Mengenai tabrak lari
Tabrak lari umumnya merupakan istilah dengan pengertian bahwa pelaku atau dalam hal ini pengemudi kendaraan bermotor meninggalkan korban kecelakaan lalin dan ketika itu tidak menghentikan kendaraan yang dikemudikannya.
Pengemudi kendaraan bermotor yang terlibat kecelakaan lalin sebagaimana diatur dalam Pasal 231 UU 22/2009 wajib :
1. menghentikan kendaraan yang dikemudikannya.
2. Memberikan pertolongan kepada korban.
3. Melaporkan kecelakaan kepada Kepolisian Negara Republik Indonesia Terdekat; dan
4. Memberikan keterangan yang terkait dengan kejadian kecelakaan.
Lantas bagaimana dengan pengemudi kendaraan yang karena keadaan memaksa tidak dapat menghentikan kendaraan ataupun memberikan pertolongan kepada korban ketika kecelakaan lalin terjadi ?
Keadaan memaksa dalam hal ini dimaksudkan bahwa situasi dilingkungan lokasi kecelakaan yang dapat mengancam keselamatan diri pengemudi, terutama dari amukan massa dan kondisi pengemudi yang tidak berdaya untuk memberikan pertolongan.
Terhadap hal tersebut maka pengemudi kendaraan bermotor segera melaporkan diri kepada Kepolisian Negara Republik Indonesia terdekat.
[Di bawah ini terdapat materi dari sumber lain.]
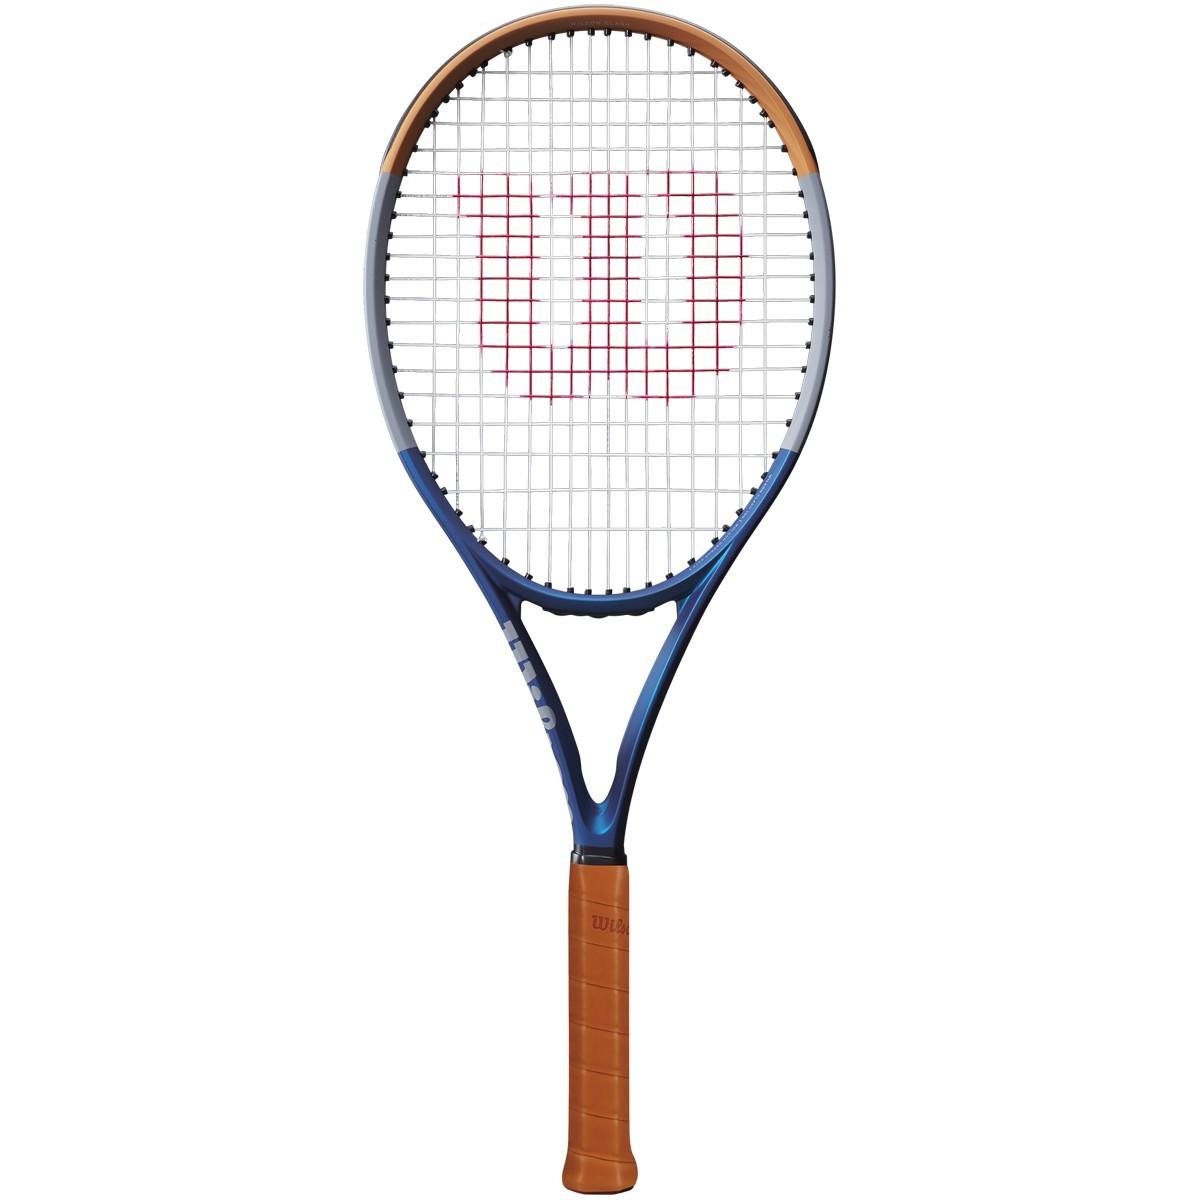 Raquete de Tênis Wilson Clash 100 Roland Garros - 295g - Edição Limitada  - PROTENISTA

Jika hal ini tidak juga dilakukan oleh pengemudi yang dimaksud maka berdasarkan Pasal 312 UU 22/2009 dipidana dengan pidana penjara paling lama 3 (tiga) tahun atau denda paling banyak Rp.75.000.000.,- (tujuh puluh lima juta rupiah).
Jenis Pidana bagi pelaku tindak pidana lalu lintas
Bagi pelaku tindak pidana lalu lintas dapat dijatuhi pidana berupa pidana penjara, kurungan, atau denda dan selain itu dapat dijatuhi pidana tambahan berupa pencabutan Surat Izin Mengemudi atau ganti kerugian yang diakibatkan oleh tindak pidana lalu lintas.
Besaran santunan untuk korban kecelakaan lalu lintas diatur berdasarkan keputusan Menteri Keuangan Nomor: KEP.15/ PMK.010/2017 tanggal 13 Februari 2017.
Nilai yang diatur sebagai asuransi sosial berbeda-beda dengan operator penyaluran santunan melalui Jasa Raharja. Untuk perawatan luka-luka jumlah maksimal Rp20 juta, sedangkan cacat tetap dan meninggal dunia masing-masing diberi Rp50 juta.
Pihak Jasa Raharja mengatakan bahwa asuransi itu sebetulnya tidak benar-benar ‘gratis’. Semua santunan diperoleh dari STNK kendaraan bermotor yang pajaknya dibayar per satu tahun sekali dan tertera pada kolom SWDKLLJ (Sumbangan Wajib Dana Kecelakaan Lalu Lintas Jalan) di STNK.